Gross sales through the VIP preview of the inaugural Untitled Artwork Houston honest on Thursday (18 September) have been uneven based on exhibitors, although lower-priced works specifically bought properly. Curiosity about Houston and the town’s first new honest in years has collaborating sellers feeling hopeful the occasion will assist kickstart a brand new nationwide appreciation for Area Metropolis’s artwork scene.
Houston was beforehand residence to 2 different now-defunct artwork festivals, the Houston Effective Artwork Honest and the Texas Up to date Artwork Honest. The Houston Effective Artwork Honest got here first, organised by Rick Friedman with Max Fishko on board as a marketing consultant. The 2 had a falling out, based on the Houston Chronicle, and Fishko teamed up with Jeffrey Wainhouse to launch the Texas Up to date Artwork Honest. Native sellers say the dueling festivals, held weeks aside, did not work collectively to assist construct up the native artwork scene—however many Houstonians are optimistic about Untitled Artwork honest’s entry into the market.
“I used to be very sceptical at first. My coronary heart’s been damaged too many occasions with artwork festivals right here,” says longtime Houston vendor Robert McClain, whose McClain Gallery took half within the earlier festivals in addition to the inaugural Untitled Artwork Houston. “I’ve definitely been pleasantly stunned by the dedication of the honest organisers. This honest has been a catalyst for numerous collectors who’ve reached out to us who knew Untitled was occurring. Simply the thrill of it appeared to spur them to make selections on shopping for different issues.”
McClain Gallery bought Life on a Merry-Go-Spherical (2010) by the Texas-born painter John Alexander for $125,000 through the VIP preview to a Houston-based collector, based on the gallery. Additionally they positioned two work by Dorothy Hood, a pioneering Modernist Texas artist, for $75,000 every. Houston has at all times had a robust marketplace for main materials by artists from the area, McClain provides.
Swan Mom (2022) by Clare Rojas at Jessica Silverman’s stand. Courtesy Untitled Artwork
The Houston-based gallery Sicardi Ayers Bacino reported probably the most beneficial transaction of the honest up to now, a piece by Carlos Cruz-Diez that bought for $415,000.
The San Francisco-based gallery Jessica Silverman positioned an version of Clare Rojas’s figurative bronze sculpture Swan Mom (2022) for $150,000, based on the gallery. The work is featured within the honest’s Particular Shows part. On the gallery’s stand, it reported promoting a 2025 acrylic-on-cardboard work by Andrea Bowers for $38,000, Infinite Cat’s Whispers (2025) by Masako Miki for $20,000, in addition to Equilibrium (C.9) (2025) by Beverly Fishman for $55,000 and three editions of a 2025 tapestry by Rupy C. Tut for $20,000 every.

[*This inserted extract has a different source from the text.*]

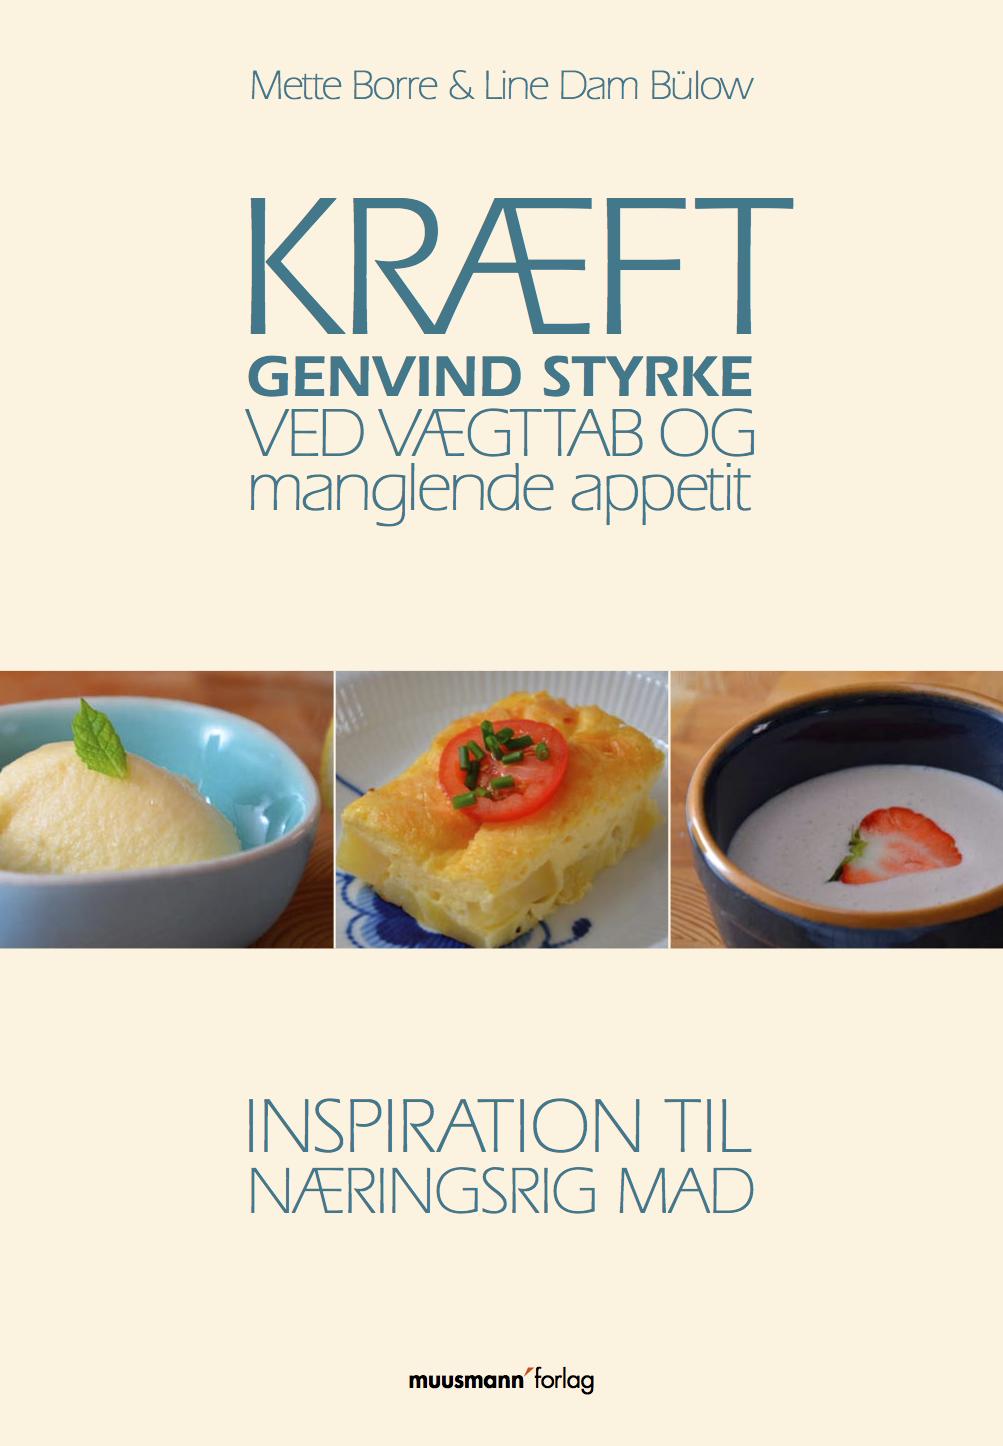 Kraeft-forside-k3.png

Philip Martin Gallery from Los Angeles says it bought a portray by Sky Glabushfor $25,000, whereas Stems gallery, first based in Brussels, bought a Olivier Souffrant portray or $24,000. The Manhattan-based vendor Hollis Taggart bought three work by Tim Kent; one for $32,000, and the opposite two for $12,000 every.
The Los Angeles-based gallery Megan Mulrooney bought out its stand of work by TJ Rinoski and Mason Owens, priced between $2,500 and $6,000, and $2,000 and $8,500, respectively, based on the gallery. Simply two weeks in the past, the gallery had a equally profitable outing at The Armory Present in New York, promoting out its stand of works by the San Antonio-born artist Piper Bangs. (Final week, the gallery opened a solo present at its Hollywood headquarters devoted to the Austin-based painter RF. Alvarez.)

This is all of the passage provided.